The result is surprising. It means that having a different room assigned decreases the chances of a cancellation. There’s more to unpack here: is this the correct causal effect? Could it be that different rooms are assigned only when the booked room is unavailable, and therefore assigning a different room has a positive effect on the customer (as opposed to not assigning a room)?

There could also be other mechanisms at play. Perhaps assigning a different room only happens at check-in, and the chances of a cancellation once the customer is already at the hotel are low? In that case, the graph is missing a critical variable on when these events happen. Does different_room_assigned happen mostly on the day of the booking? Knowing that variable can help improve the graph and our analysis.

While the associational analysis earlier indicated a positive correlation between is_canceled and different_room_assigned, estimating the causal effect using DoWhy presents a different picture. It implies that a decision/policy to reduce the number of different_room_assigned at hotels may be counter-productive.

Step-4. Refute results#

Note that the causal part does not come from data. It comes from your assumptions that lead to identification. Data is simply used for statistical estimation. Thus it becomes critical to verify whether our assumptions were even correct in the first step or not!

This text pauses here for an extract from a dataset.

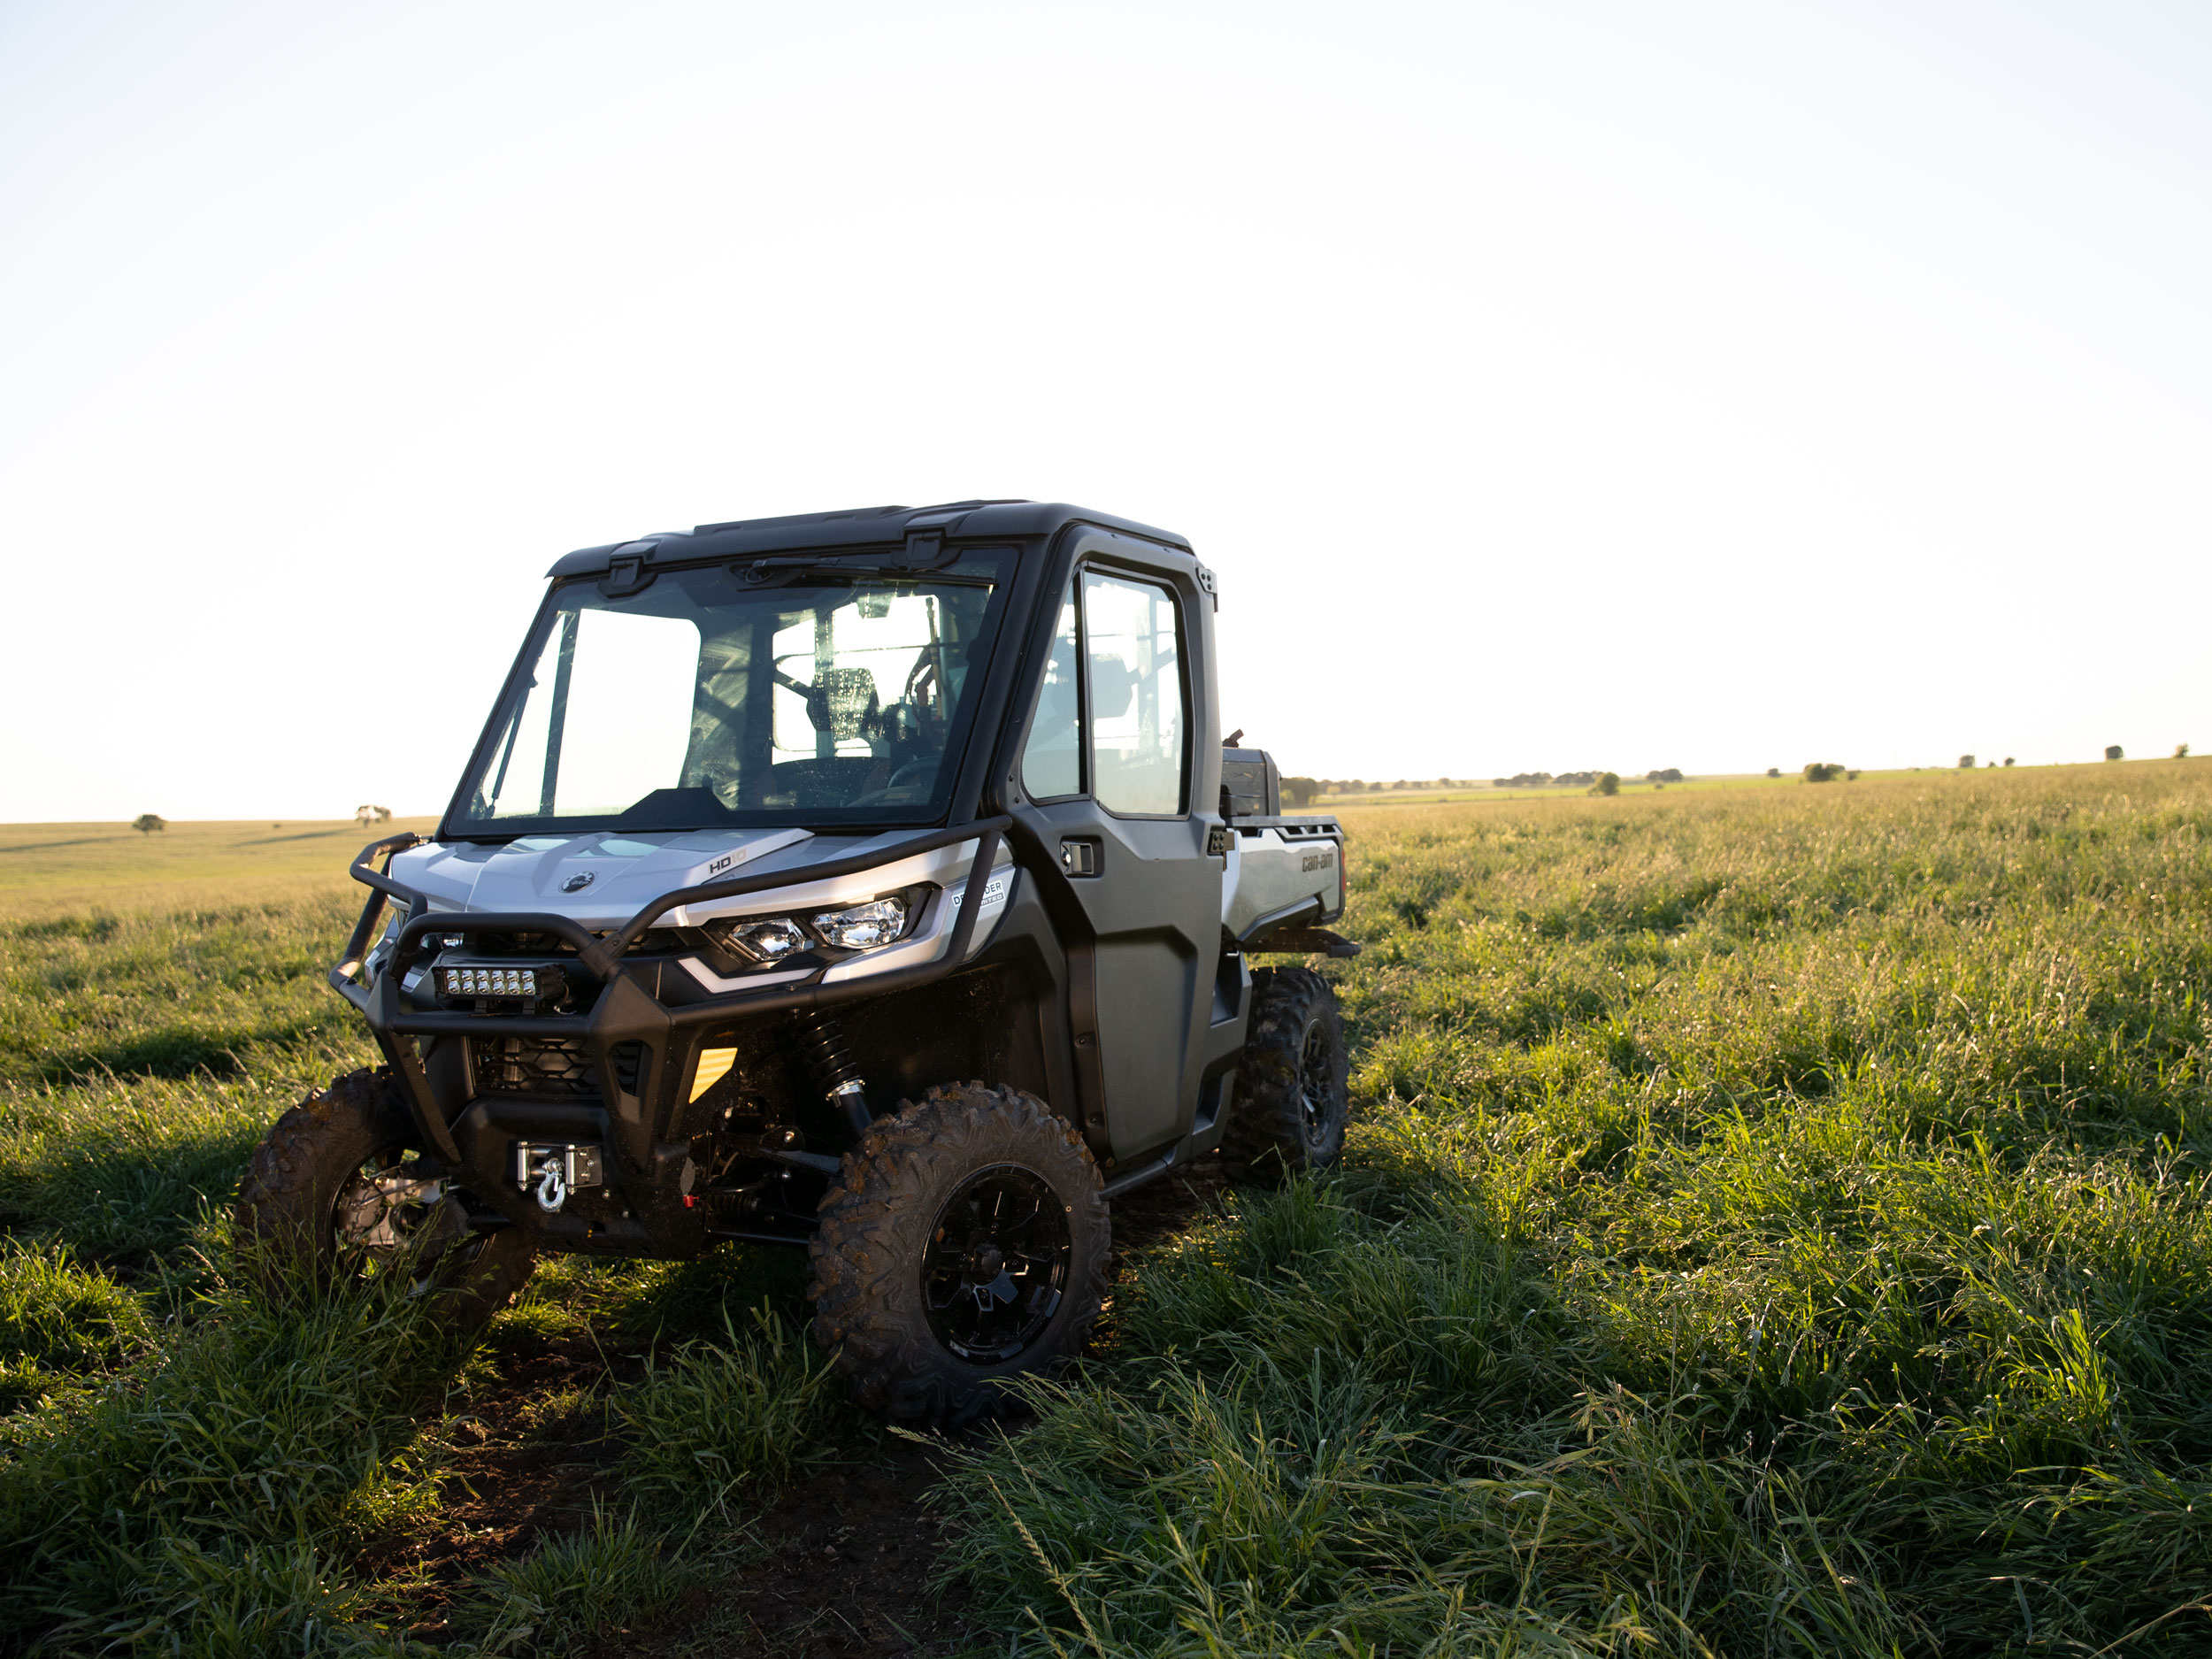 CanAm OffRoad SidebySides (SxS) for Work & Play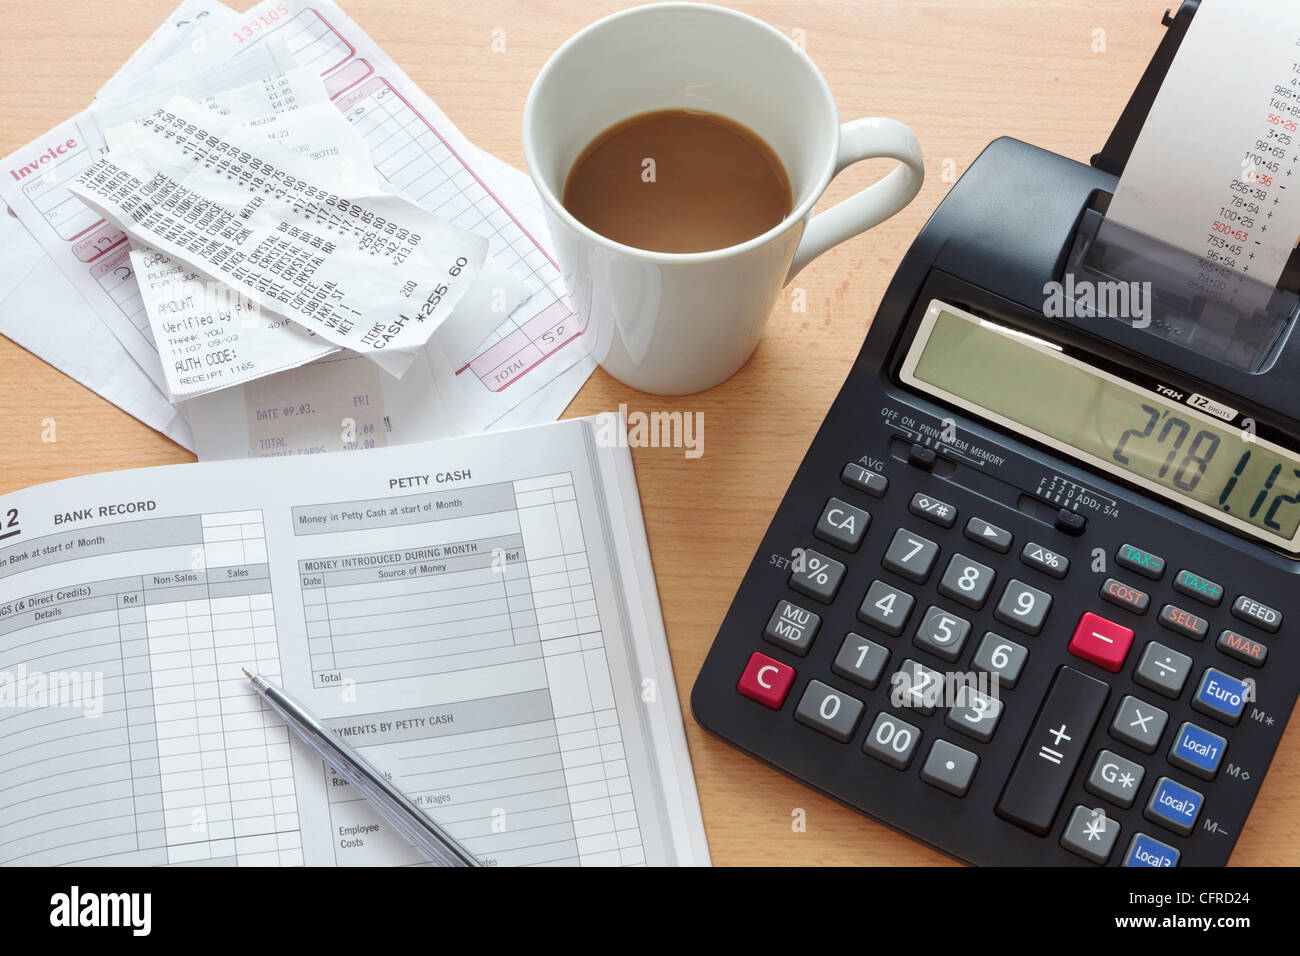 Still life bookkeeping photo of a sales ledger with a pile of receipts, invoices and a print calculator. Stock Photo

What happens when another common cause exists? What happens when the treatment itself was placebo?

Method-1#

Random Common Cause:- Adds randomly drawn covariates to data and re-runs the analysis to see if the causal estimate changes or not. If our assumption was originally correct then the causal estimate shouldn’t change by much.

[17]:
refute1_results=model.refute_estimate(identified_estimand, estimate,
        method_name="random_common_cause")
print(refute1_results)
Refute: Add a random common cause
Estimated effect:-0.2622285649999514
New effect:-0.26222856499995134
p value:1.0

Method-2#

Placebo Treatment Refuter:- Randomly assigns any covariate as a treatment and re-runs the analysis. If our assumptions were correct then this newly found out estimate should go to 0.

[18]:
refute2_results=model.refute_estimate(identified_estimand, estimate,
        method_name="placebo_treatment_refuter")
print(refute2_results)
Refute: Use a Placebo Treatment
Estimated effect:-0.2622285649999514
New effect:0.05494504071251643
p value:0.0

Method-3#

Data Subset Refuter:- Creates subsets of the data(similar to cross-validation) and checks whether the causal estimates vary across subsets. If our assumptions were correct there shouldn’t be much variation.

[19]:
refute3_results=model.refute_estimate(identified_estimand, estimate,
        method_name="data_subset_refuter")
print(refute3_results)
Refute: Use a subset of data
Estimated effect:-0.2622285649999514
New effect:-0.26222221238219634
p value:0.94

We can see that our estimate passes all three refutation tests. This does not prove its correctness, but it increases confidence in the estimate.